Фау-2 - Роберт Харрис
— Что вы. Просто хочу всё понять. Вы давно в ракетной технике?
— Шестнадцать лет.
— Шестнадцать?! На вид и не скажешь. Сколько вам лет?
— Тридцать два.
— Как и профессору фон Брауну. Вы ведь работали вместе в Куммерсдорфе?
Граф бросил на него косой взгляд. Значит, проверяет не только его, но и фон Брауна. Он почувствовал лёгкую тревогу.
— Верно.
Бивак рассмеялся:
— Все вы такие молодые, ракетчики!
Они покинули застроенные улицы города и вышли в пригородные леса. Схевенинген был окружён лесами и озёрами. До войны здесь, должно быть, было очень красиво, подумал Граф. Позади них водитель с грохотом надавил на клаксон, заставив их срочно отскочить к обочине.

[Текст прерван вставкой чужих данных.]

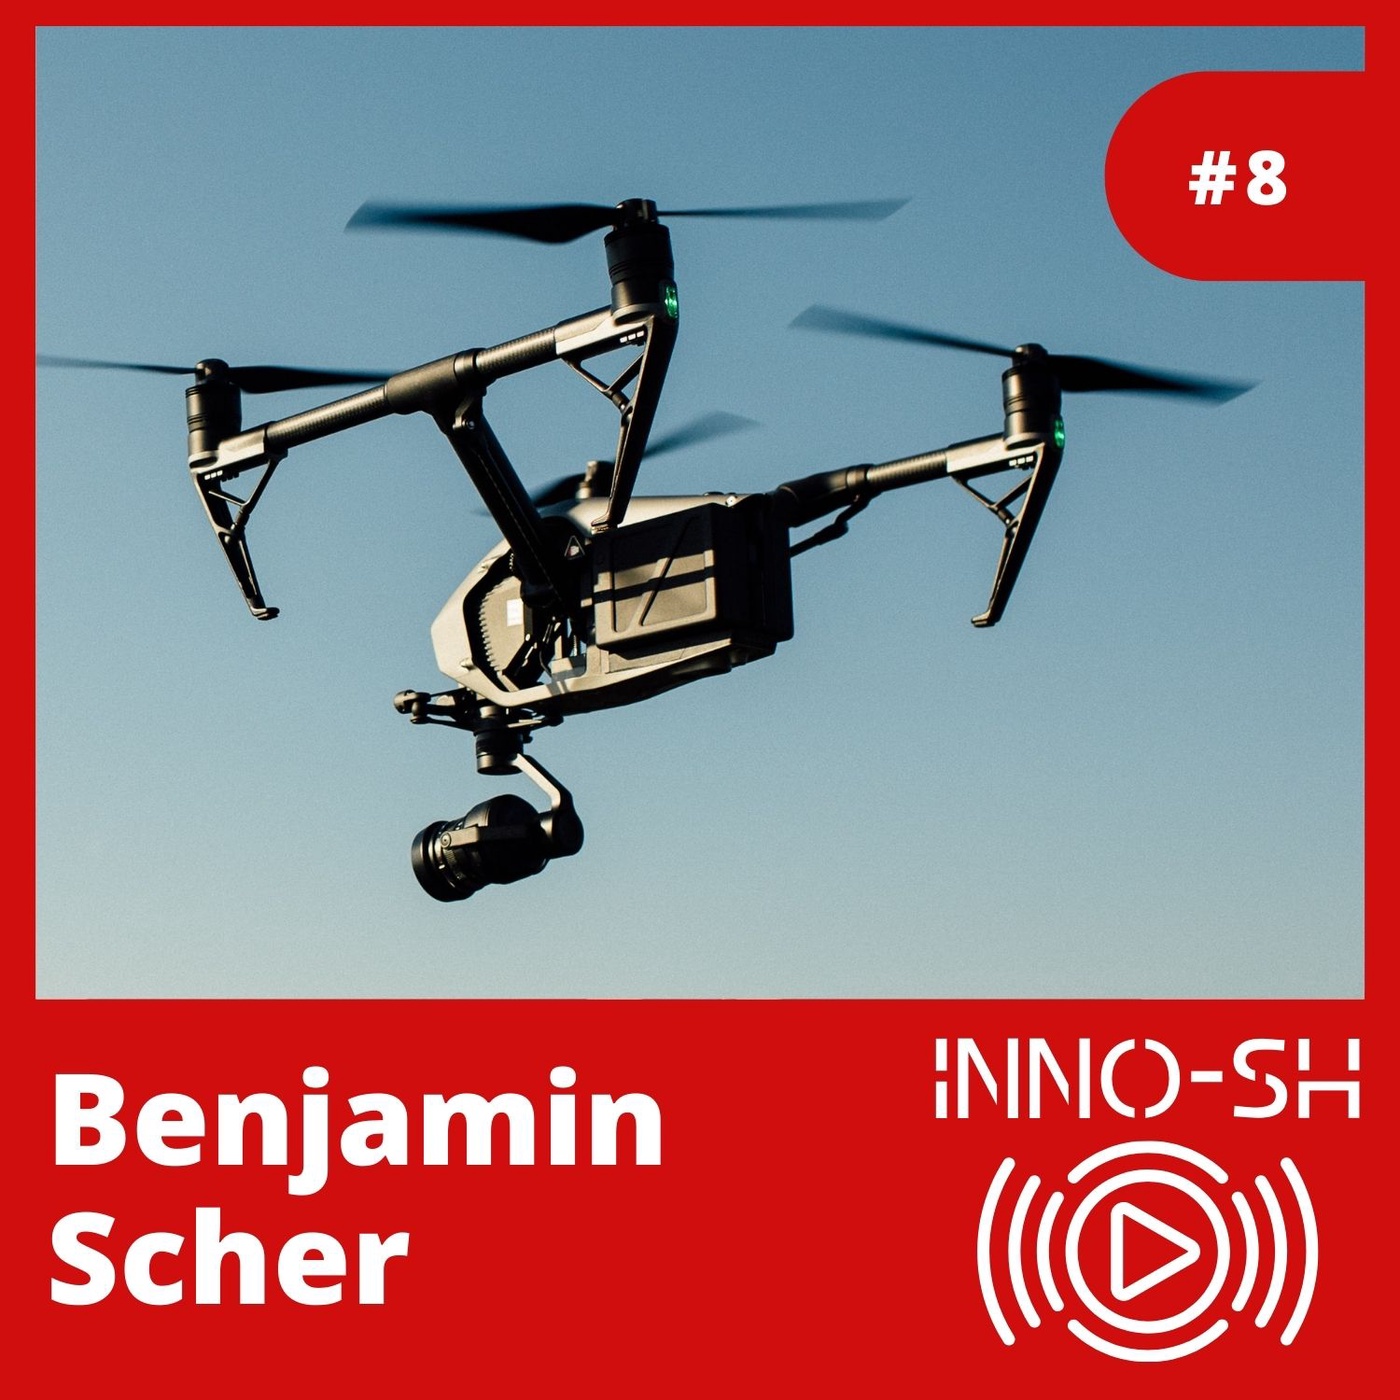 InnoSH #8 SPECIAL – Benjamin Scher von Moia über den Stand der DroneEconomy, UAM-Innoregion-SH und TakeOffSH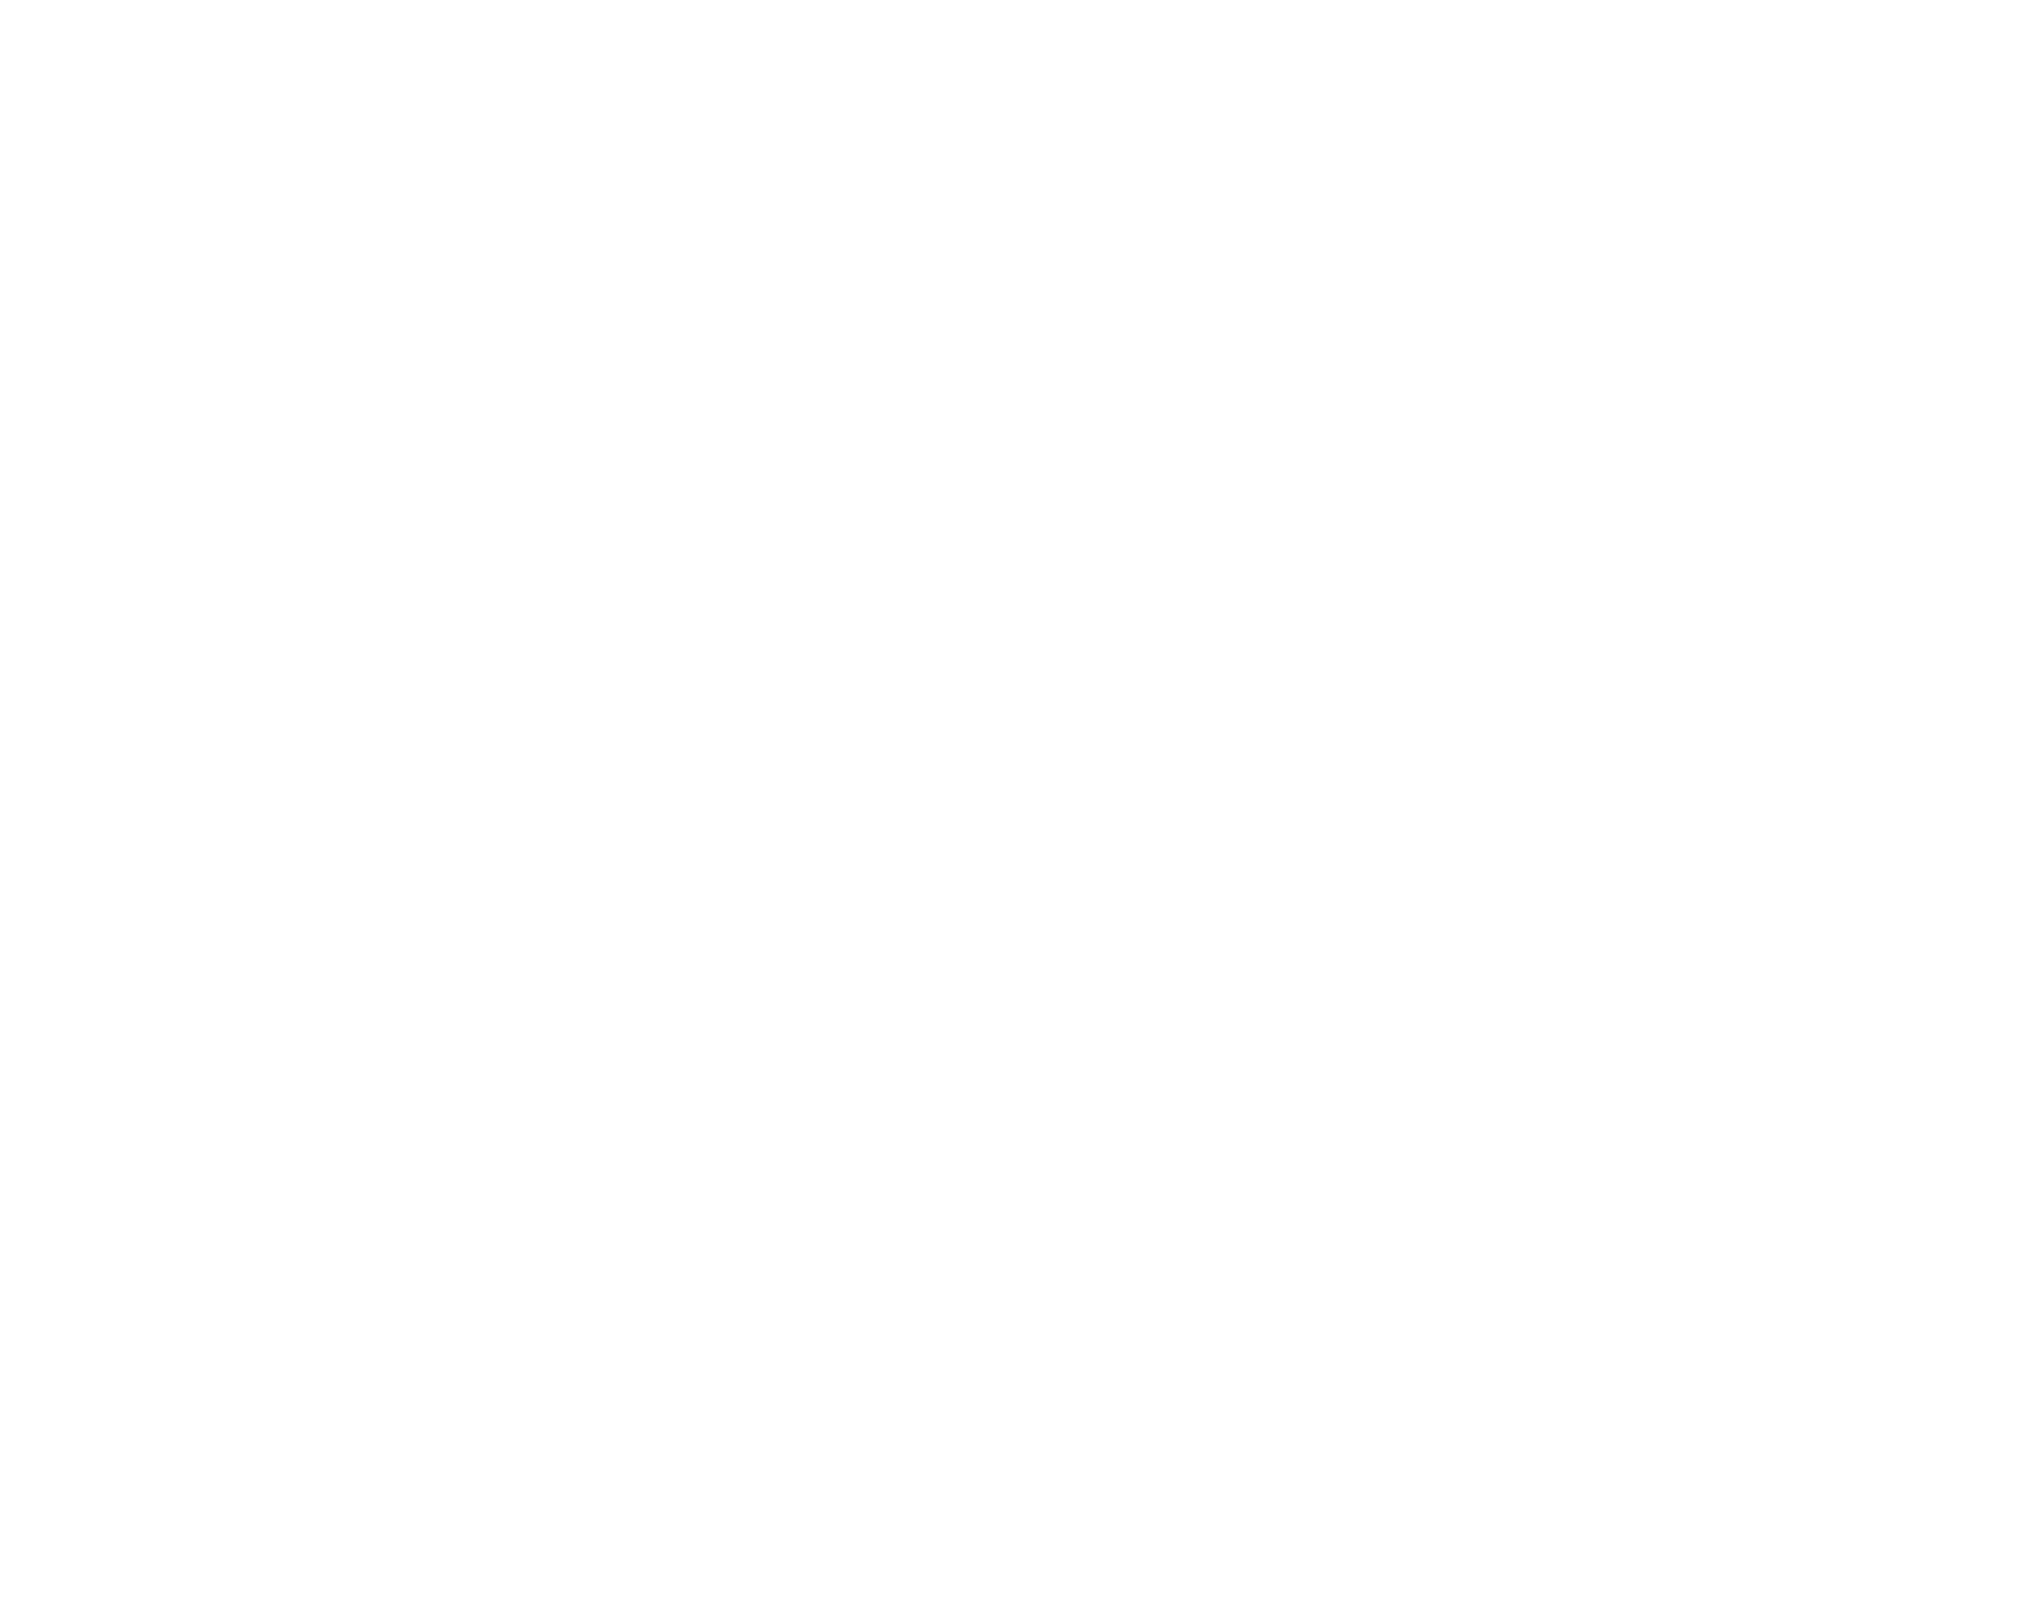 Urban Fence Company

Через несколько секунд мимо с рёвом пронёсся транспортер, везущий Фау-2 на гидравлическом ложементе — сначала стабилизаторы, ближе всего к кабине, затем длинное тело, и, наконец, выступающий за край прицепа носовой обтекатель с боеголовкой весом в одну тонну. Сразу за ним следовали замаскированные автоцистерны. Граф сложил ладони рупором и кричал Биваку в ухо, когда каждая из них проезжала:
— Это метиловый спирт… жидкий кислород… перекись водорода… Всё это приезжает на тех же поездах, что и ракеты. Мы заправляем их прямо на стартовой площадке.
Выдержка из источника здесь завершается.